Gold prices typically move inversely to the Dollar and the Dollar’s weakness coincided with a surge in the prices of the yellow metal, which moved from $1,941.50 on October 13 to $1,994.40 on October 20. During the past week, the euro rallied 0.80 percent against the U.S. Dollar amidst the Fed Chair’s comments that have been largely interpreted as dovish. The EUR/USD pair which had close on October 13 at 1.0509, opened on Monday at 1.0507, its weekly low and increased steadily to touch a high of 1.0618 by Thursday. It weakened and closed a tad lower at 1.0593 by the close of the week ended October 20.

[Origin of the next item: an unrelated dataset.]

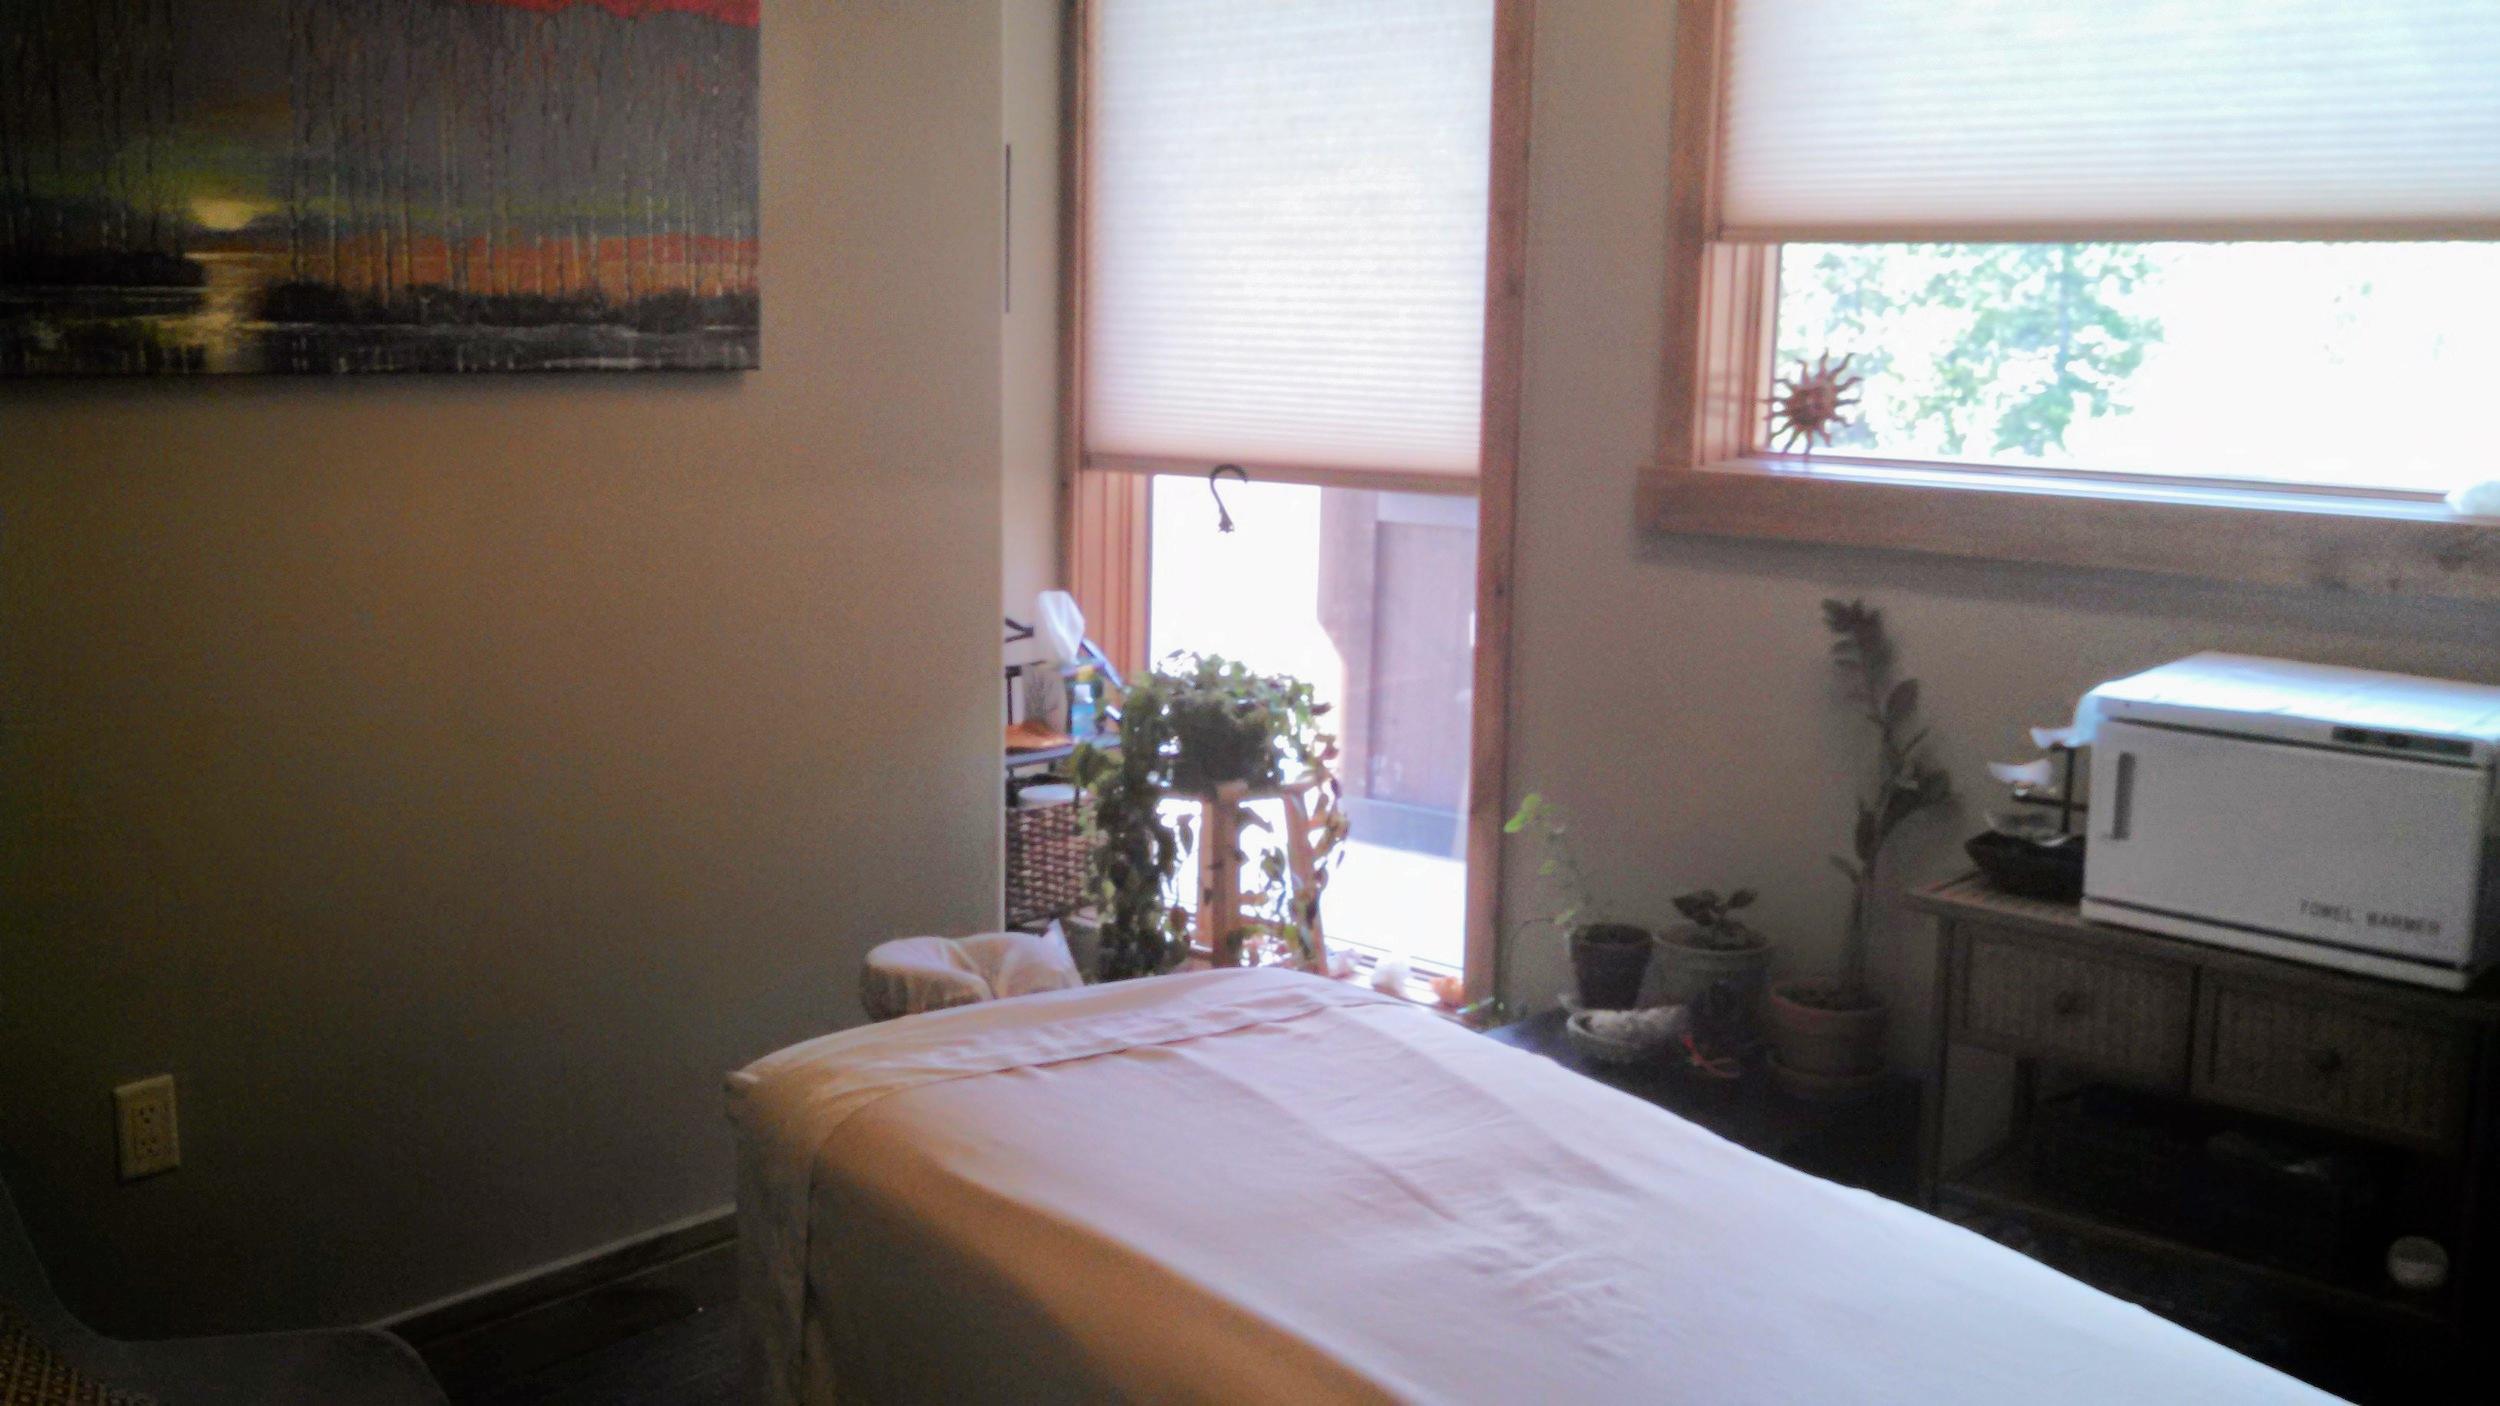 Breckenridge massage studio

The GBP/USD pair too edged up during the week ended October 13. From the level of 1.2141 on October 13, the pair increased to the high of 1.2220 on Monday, before weakening to 1.209 on Thursday. The pound recovered and closed the week ended October 20 at $1.216, edging up 0.16 percent on a weekly basis. Data released on Wednesday had shown inflation in the U.K. remaining steady at 6.7 percent in September, whereas markets had expected it to fall to 6.6 percent. However, uncertainty regarding the Bank of England’s monetary policy trajectory lingers amid retail sales in the U.K. declining 0.9 percent month-over-month in September, reversing from a 0.4 percent increase in August and market forecasts of a 0.2 percent fall.

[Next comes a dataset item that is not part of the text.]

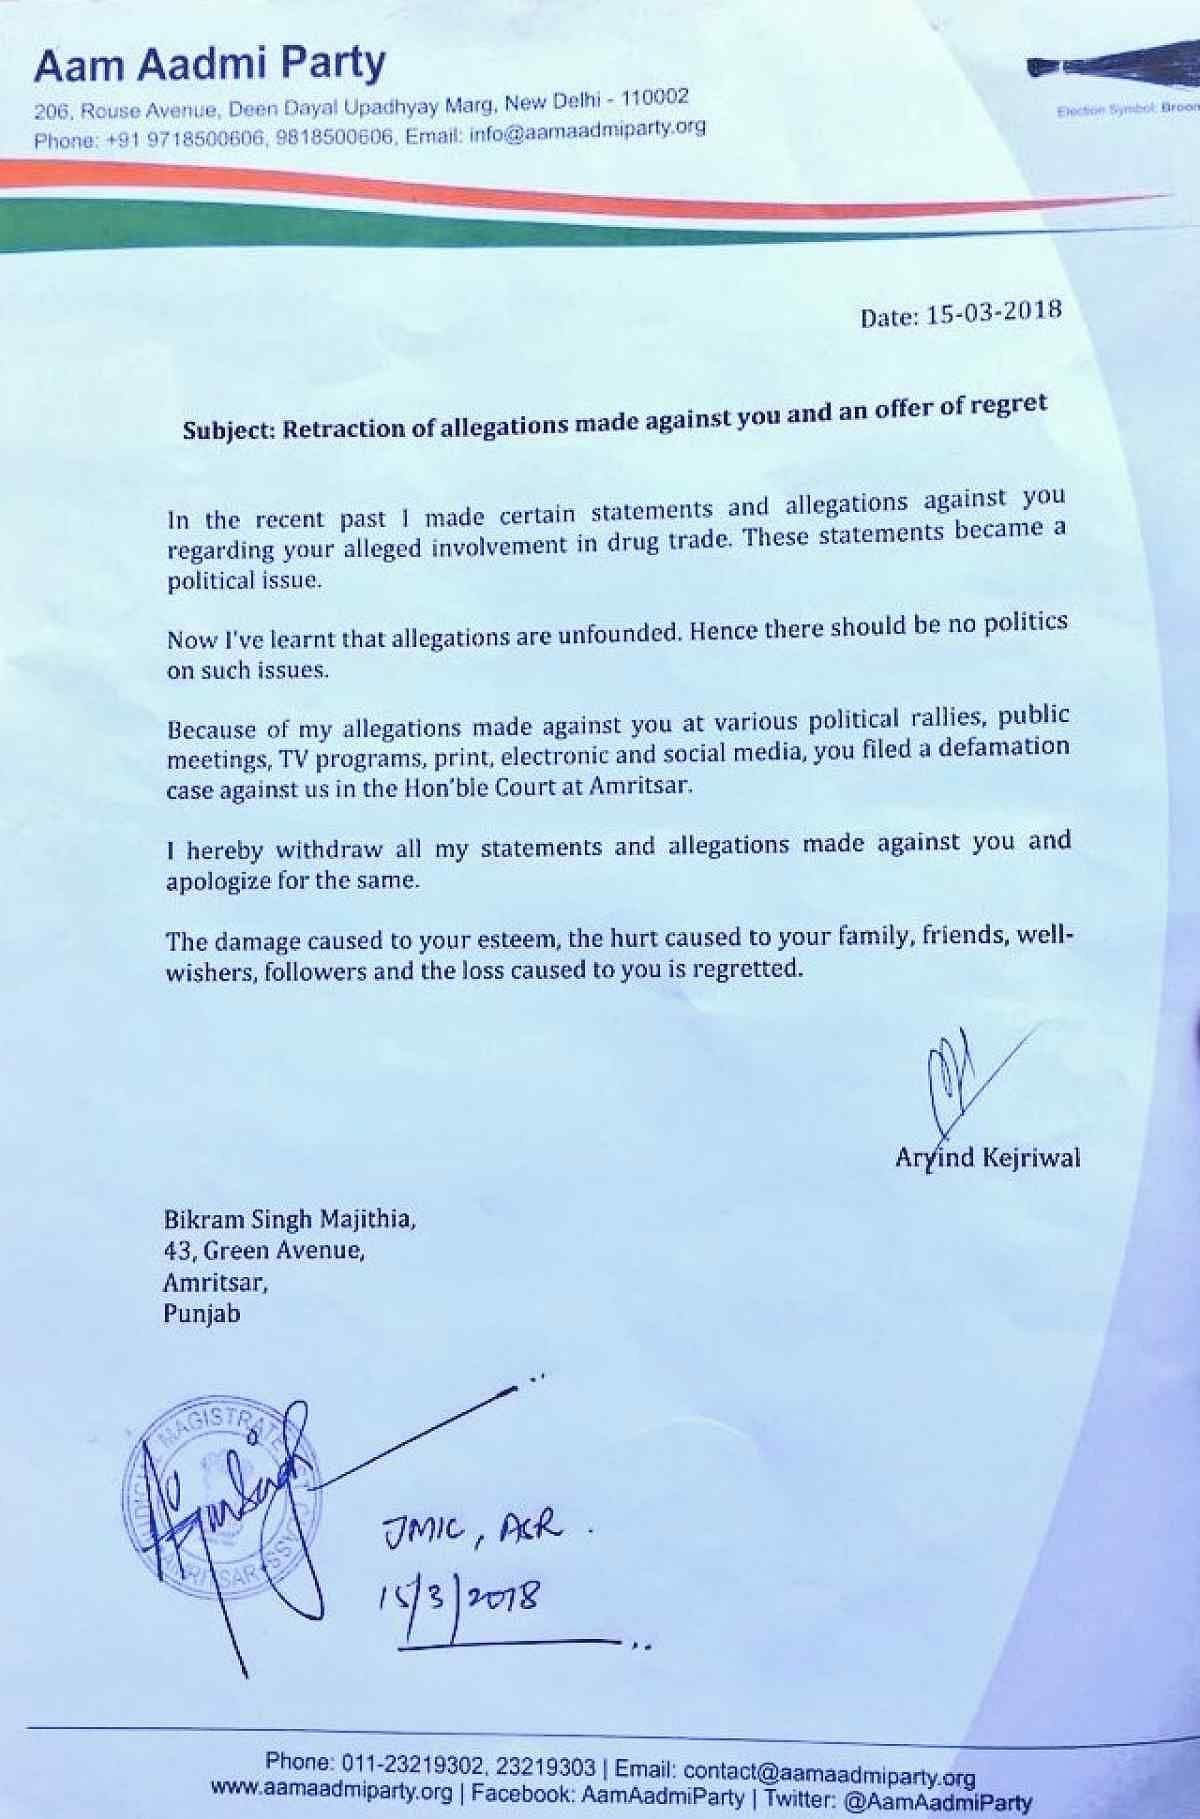 Arvind Kejriwal's apology letter to Bikram Singh Majithia

Minutes of the meeting of Reserve Bank of Australia that showed low tolerance for high inflation as well as strong data from China that showed higher-than-expected readings in GDP growth, Industrial Production and Retail Sales helped the Australian Dollar make strong gains against the U.S. Dollar during the week ended October 20. The AUD/USD pair increased 0.33 percent during the week, rising from 0.6291 on October 13 to 0.6312 on October 20. The pair touched the weekly low of 0.6294 on Monday before the hawkish tone in the RBA minutes and the strong Chinese data released on Tuesday helped the Aussie to rise to the week’s high of 0.6395 against the U.S. Dollar on Wednesday.

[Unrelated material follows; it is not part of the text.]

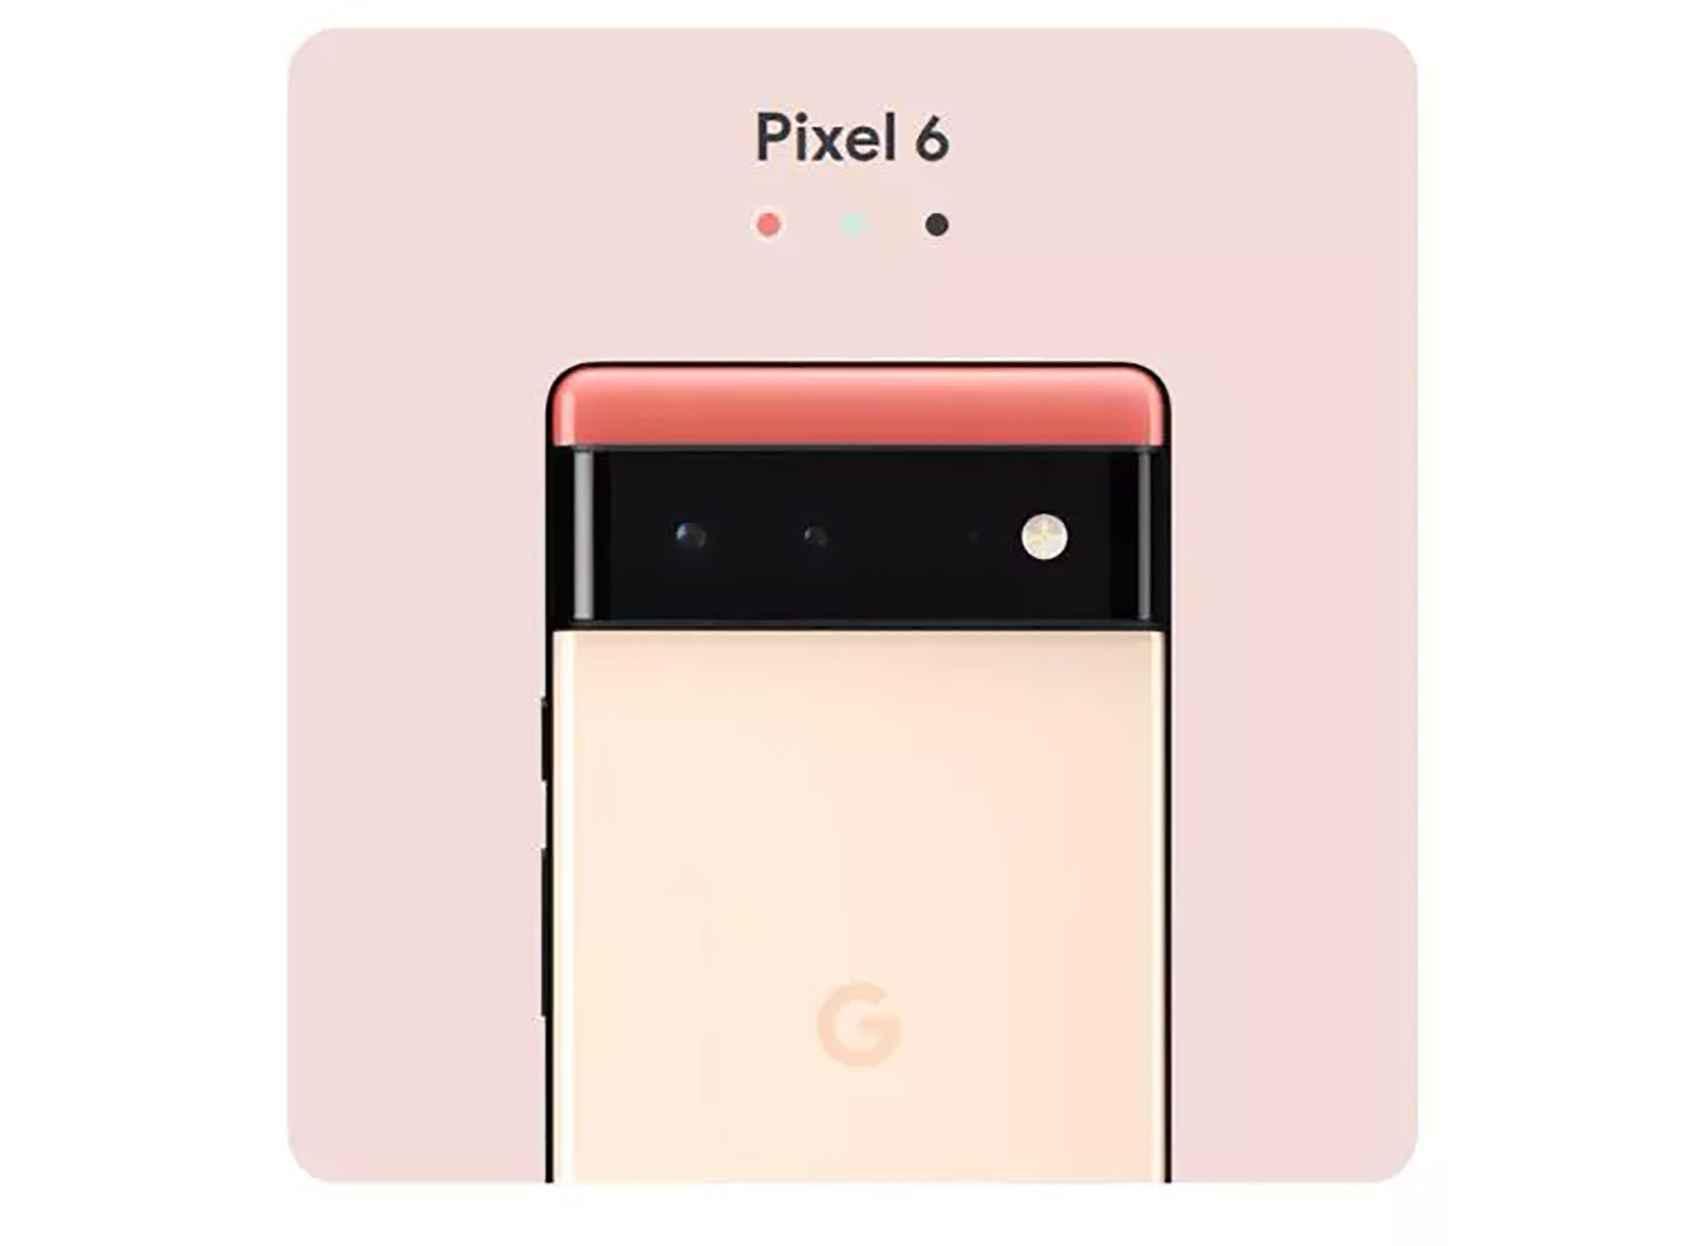 El Google Pixel 6 así se ve en la landing page

The week ended October 20 witnessed the USD/JPY pair breach the psychological level of 150. The Dollar rallied 0.19 percent against the yen, causing the USD/JPY pair to rise to 149.84, from 149.55 a week earlier. The week’s high of 150.05 was touched on Friday whereas the week’s low of 149.23 was recorded on Tuesday. Data released during the week had shown the annual inflation rate in Japan falling to 3.0 percent in September, from 3.2 percent in the prior month which turned out to be the lowest reading since September 2022.

Third quarter inflation readings from Australia are expected later in the day. Fed Chair Jerome Powell’s comments on Wednesday would also be keenly anticipated ahead of the review on November 1. The European Central Bank’s next interest rate decision is due on Thursday. Advance estimates of Third quarter GDP and PCE-based inflation readings from the U.S. are due towards the end of the week. The Bank of Japan’s next interest rate decision would be pronounced on Monday. Amidst the major events lined up, the Dollar Index has edged down to 106.06. The EUR/USD pair rallied to 1.0609 whereas the GBP/USD pair has moved up to 1.2187. The AUD/USD pair is hovering close to the 0.636 level. The USD/JPY pair is steady near the 149.8 level.